And that's exactly the point - it's as easy to cure as athlete's foot in humans. So why not just treat it?  It goes very quickly when you do, so I'm not sure what the point is waiting for it to self limit, risk yourself and other people getting it, and potentially causing your horse to be uncomfortable.  Doesn't seem to be any point in it whatsoever.


----------



## cptrayes (14 August 2014)

Moomin1 said:



			That's great if you don't mind taking the risk of contracting it yourself, and any visitors to your yard don't mind that risk either. It also sticks about in the surrounding fences etc for years on end.  I personally can't understand why on earth anyone would want to allow ringworm to 'treat itself'.  Apart from the fact that it's irresponsible if people take that stance on livery yards, where other people may not wish their horse to be contracting it simply because someone doesn't want to treat it, it's not particularly pleasant for the horse to be riddled with an itchy fungal disease when it can be simply and quickly resolved with treatment.
		
Click to expand...

I've had at least twenty horses with it in the last thirty years and I have never caught it myself and never taken any precautions not to. But if I did catch it, I'd put canestan or an athlete's foot treatment on it and it would cause no trouble.

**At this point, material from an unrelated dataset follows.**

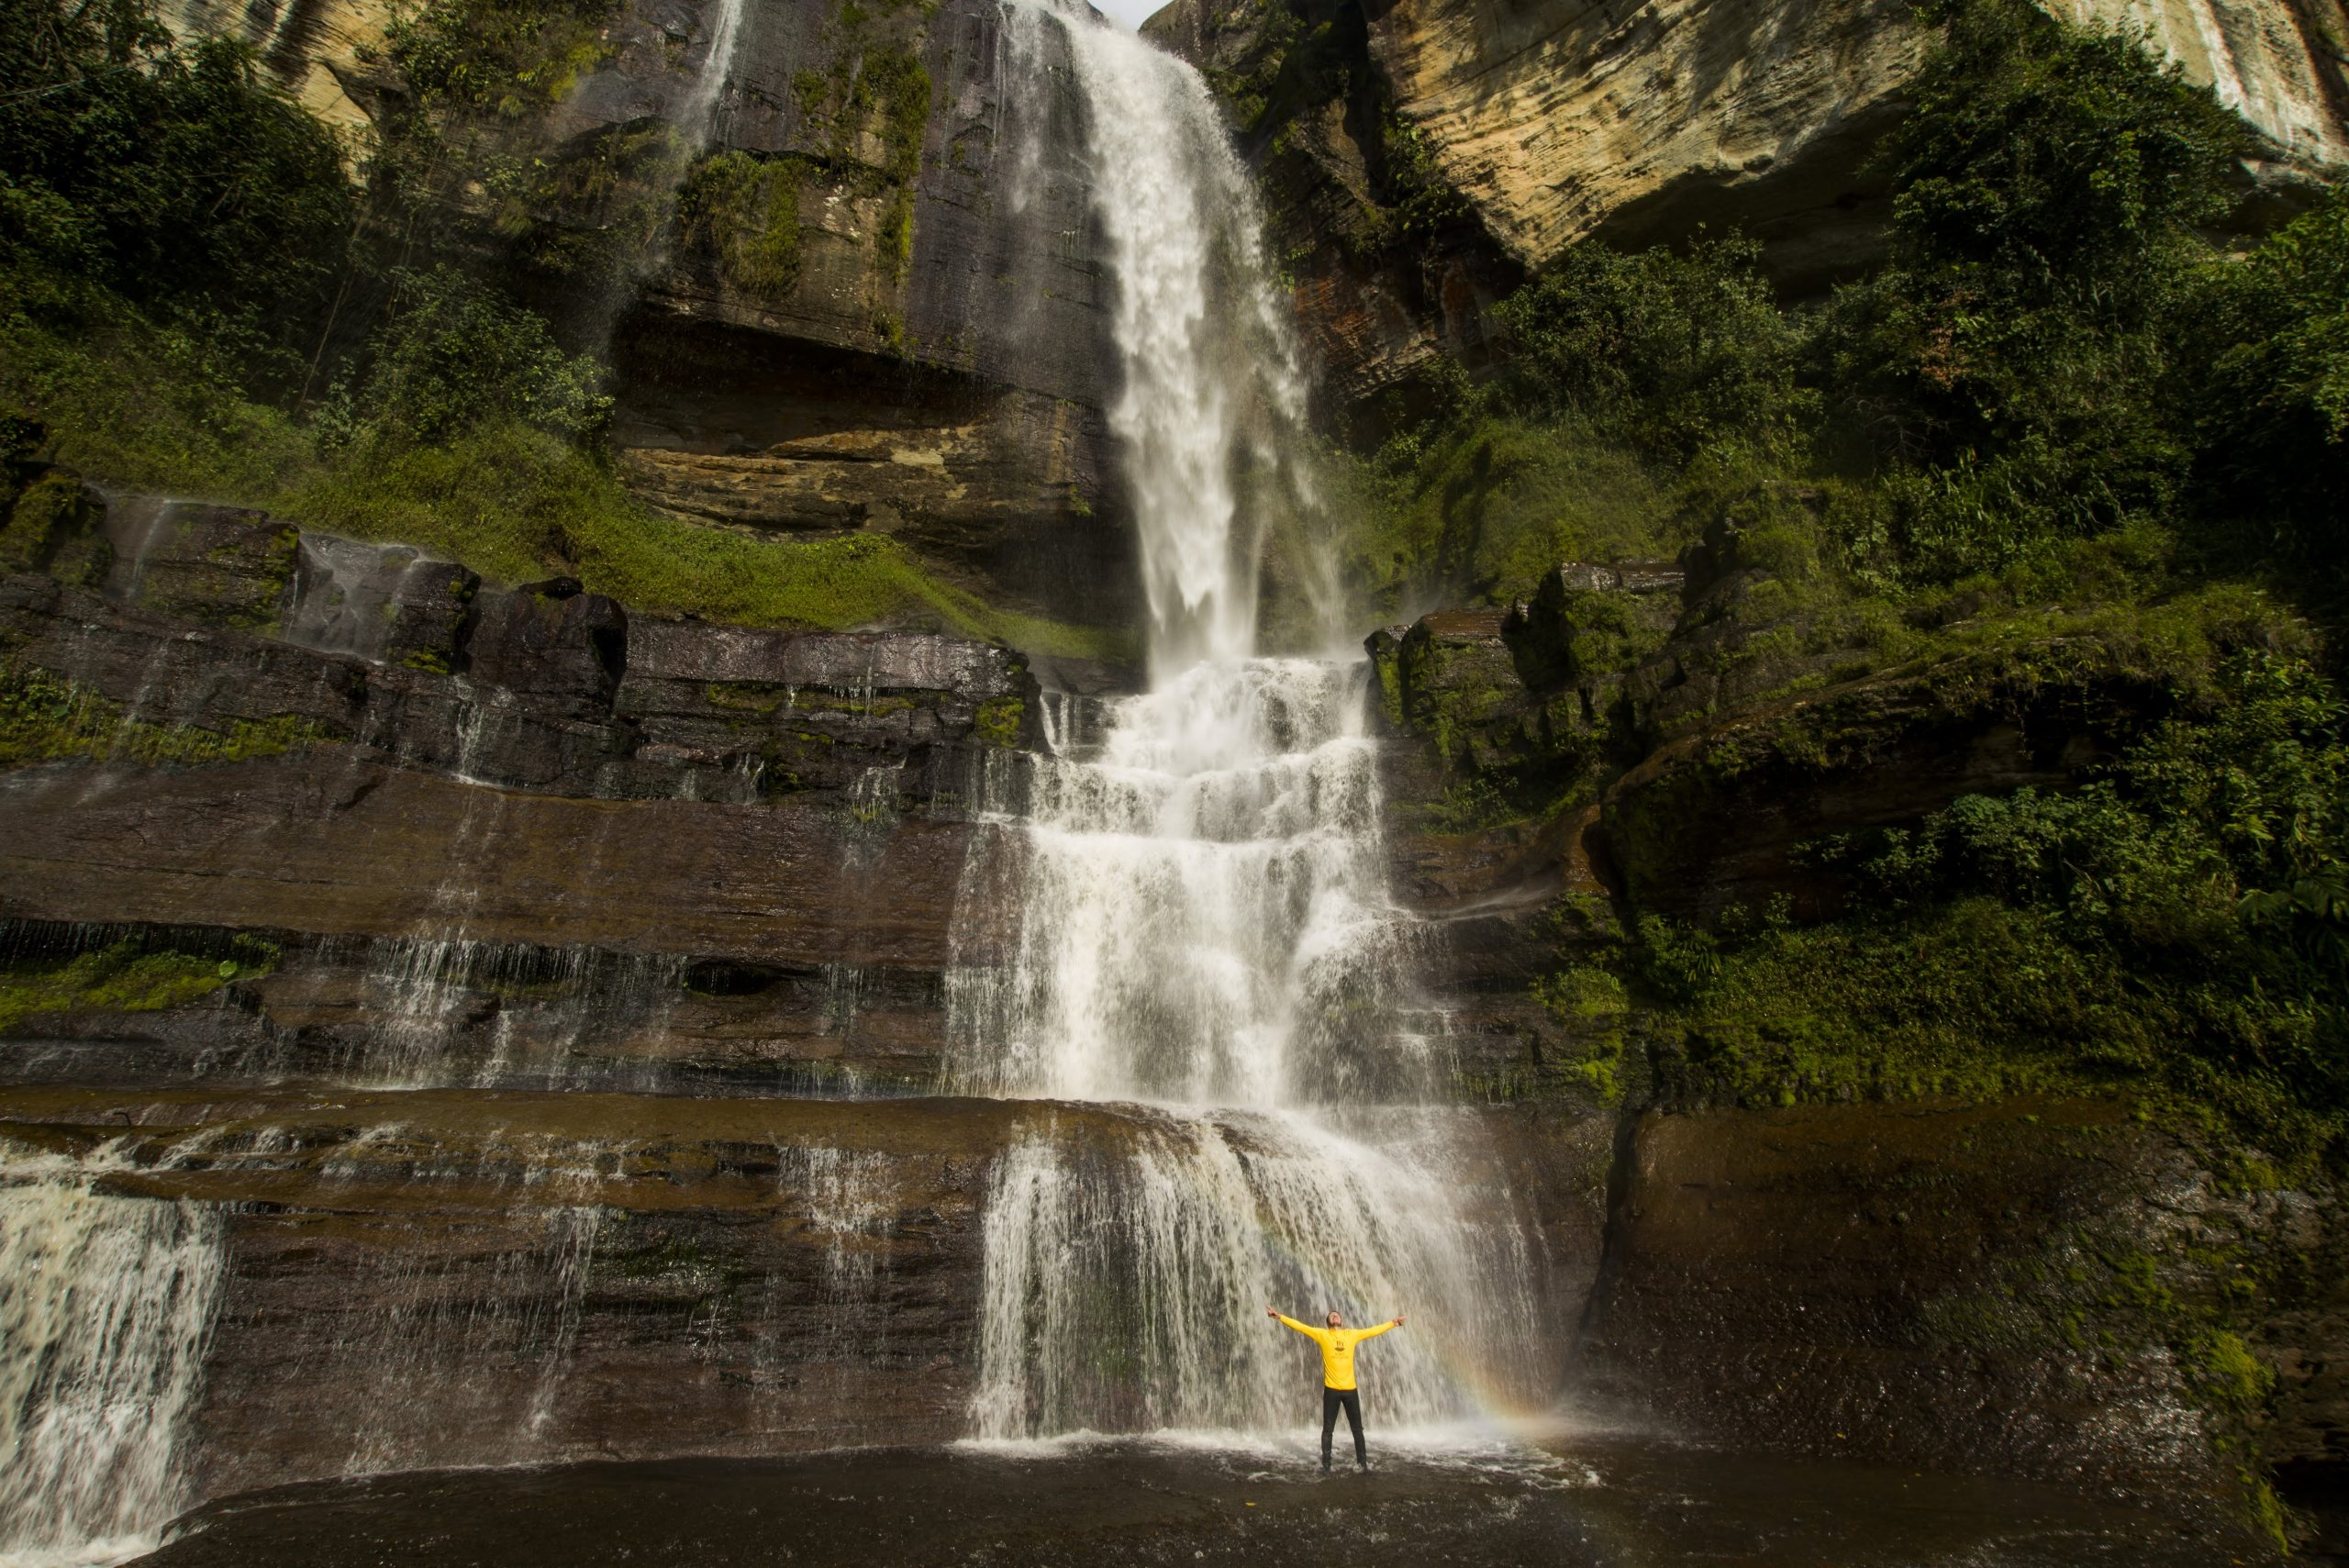 Cascada de los Caballeros. Foto: almasaventureras.com

It's an insignificant disease whose only problem in healthy horses is that it makes a mark in the coat for a while.

Thankfully, I am no longer on a livery yard where people panic about it.


----------



## cptrayes (14 August 2014)

Moomin1 said:



			And that's exactly the point - it's as easy to cure as athlete's foot in humans. So why not just treat it?  It goes very quickly when you do, so I'm not sure what the point is waiting for it to self limit, risk yourself and other people getting it, and potentially causing your horse to be uncomfortable.  Doesn't seem to be any point in it whatsoever.
		
Click to expand...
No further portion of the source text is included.